Filter these entries, keeping only lines that hold the word "pour".

Recorded data
────────────────────

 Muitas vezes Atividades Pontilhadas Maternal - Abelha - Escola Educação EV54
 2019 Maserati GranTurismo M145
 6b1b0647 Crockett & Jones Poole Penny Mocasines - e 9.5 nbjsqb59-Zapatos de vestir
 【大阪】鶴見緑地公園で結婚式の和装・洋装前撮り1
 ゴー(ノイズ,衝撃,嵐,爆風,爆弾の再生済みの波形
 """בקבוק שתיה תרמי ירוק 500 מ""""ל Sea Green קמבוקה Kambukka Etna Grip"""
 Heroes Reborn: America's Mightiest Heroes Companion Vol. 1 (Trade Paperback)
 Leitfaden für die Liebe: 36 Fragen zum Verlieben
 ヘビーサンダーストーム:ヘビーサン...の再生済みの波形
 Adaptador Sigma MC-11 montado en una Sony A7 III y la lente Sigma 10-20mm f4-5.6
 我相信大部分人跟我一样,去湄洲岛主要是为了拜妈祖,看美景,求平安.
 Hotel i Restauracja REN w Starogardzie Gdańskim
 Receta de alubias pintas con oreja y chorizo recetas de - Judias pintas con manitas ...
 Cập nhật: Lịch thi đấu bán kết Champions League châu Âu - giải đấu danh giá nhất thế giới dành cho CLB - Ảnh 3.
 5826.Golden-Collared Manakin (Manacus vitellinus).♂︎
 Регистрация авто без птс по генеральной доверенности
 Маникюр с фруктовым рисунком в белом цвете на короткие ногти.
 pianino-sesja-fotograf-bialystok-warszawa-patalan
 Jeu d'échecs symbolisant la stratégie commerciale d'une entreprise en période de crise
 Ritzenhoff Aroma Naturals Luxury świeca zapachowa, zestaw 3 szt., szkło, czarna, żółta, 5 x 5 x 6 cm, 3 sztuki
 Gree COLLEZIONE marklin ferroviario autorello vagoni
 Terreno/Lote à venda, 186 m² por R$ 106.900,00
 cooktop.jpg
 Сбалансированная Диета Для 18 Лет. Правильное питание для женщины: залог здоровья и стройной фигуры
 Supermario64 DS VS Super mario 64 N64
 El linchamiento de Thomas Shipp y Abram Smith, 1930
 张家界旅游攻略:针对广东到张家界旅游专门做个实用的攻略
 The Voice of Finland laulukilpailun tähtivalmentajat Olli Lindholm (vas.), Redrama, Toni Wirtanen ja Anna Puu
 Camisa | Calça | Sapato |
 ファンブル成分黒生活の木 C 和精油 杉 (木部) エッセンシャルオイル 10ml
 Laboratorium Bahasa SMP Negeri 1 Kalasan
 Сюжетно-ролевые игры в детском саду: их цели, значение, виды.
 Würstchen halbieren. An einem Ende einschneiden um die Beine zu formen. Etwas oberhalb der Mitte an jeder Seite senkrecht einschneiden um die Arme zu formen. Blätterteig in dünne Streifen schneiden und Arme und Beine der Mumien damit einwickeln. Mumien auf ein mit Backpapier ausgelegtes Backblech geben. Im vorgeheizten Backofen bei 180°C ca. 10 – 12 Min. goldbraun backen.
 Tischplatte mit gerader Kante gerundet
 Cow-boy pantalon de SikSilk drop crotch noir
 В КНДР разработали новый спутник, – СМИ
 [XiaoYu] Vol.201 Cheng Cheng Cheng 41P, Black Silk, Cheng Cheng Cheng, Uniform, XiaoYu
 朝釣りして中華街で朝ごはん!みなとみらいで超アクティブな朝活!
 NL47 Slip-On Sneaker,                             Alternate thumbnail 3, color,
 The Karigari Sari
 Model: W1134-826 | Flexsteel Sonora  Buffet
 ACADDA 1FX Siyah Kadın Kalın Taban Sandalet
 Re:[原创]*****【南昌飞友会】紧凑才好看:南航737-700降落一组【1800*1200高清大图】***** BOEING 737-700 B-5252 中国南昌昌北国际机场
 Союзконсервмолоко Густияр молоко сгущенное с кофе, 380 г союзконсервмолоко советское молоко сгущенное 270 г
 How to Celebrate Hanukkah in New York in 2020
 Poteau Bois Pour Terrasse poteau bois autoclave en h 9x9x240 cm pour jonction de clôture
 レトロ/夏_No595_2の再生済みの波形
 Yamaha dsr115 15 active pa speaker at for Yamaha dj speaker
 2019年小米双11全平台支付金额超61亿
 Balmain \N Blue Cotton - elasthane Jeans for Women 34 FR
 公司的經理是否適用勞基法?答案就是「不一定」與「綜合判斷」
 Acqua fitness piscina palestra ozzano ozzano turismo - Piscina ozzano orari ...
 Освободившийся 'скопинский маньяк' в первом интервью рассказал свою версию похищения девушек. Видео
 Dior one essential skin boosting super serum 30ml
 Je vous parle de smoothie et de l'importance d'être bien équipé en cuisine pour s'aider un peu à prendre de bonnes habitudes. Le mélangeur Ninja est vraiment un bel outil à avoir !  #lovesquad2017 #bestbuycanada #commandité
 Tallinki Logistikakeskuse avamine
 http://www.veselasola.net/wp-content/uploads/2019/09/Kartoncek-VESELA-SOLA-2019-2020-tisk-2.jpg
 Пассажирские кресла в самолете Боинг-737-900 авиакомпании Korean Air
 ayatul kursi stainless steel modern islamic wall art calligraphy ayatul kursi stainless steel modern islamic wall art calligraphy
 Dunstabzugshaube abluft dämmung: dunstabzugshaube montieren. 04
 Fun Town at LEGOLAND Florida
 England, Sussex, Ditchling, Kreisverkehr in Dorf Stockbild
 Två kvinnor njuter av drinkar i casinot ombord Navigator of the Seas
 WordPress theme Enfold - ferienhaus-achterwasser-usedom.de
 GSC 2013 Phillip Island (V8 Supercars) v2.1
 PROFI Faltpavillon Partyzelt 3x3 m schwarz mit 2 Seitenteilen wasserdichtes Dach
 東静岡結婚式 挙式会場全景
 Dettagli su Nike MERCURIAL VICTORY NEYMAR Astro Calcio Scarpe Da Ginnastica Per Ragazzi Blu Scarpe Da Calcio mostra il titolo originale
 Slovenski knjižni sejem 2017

────────────────────

## Exercise result
 Poteau Bois Pour Terrasse poteau bois autoclave en h 9x9x240 cm pour jonction de clôture
 Je vous parle de smoothie et de l'importance d'être bien équipé en cuisine pour s'aider un peu à prendre de bonnes habitudes. Le mélangeur Ninja est vraiment un bel outil à avoir !  #lovesquad2017 #bestbuycanada #commandité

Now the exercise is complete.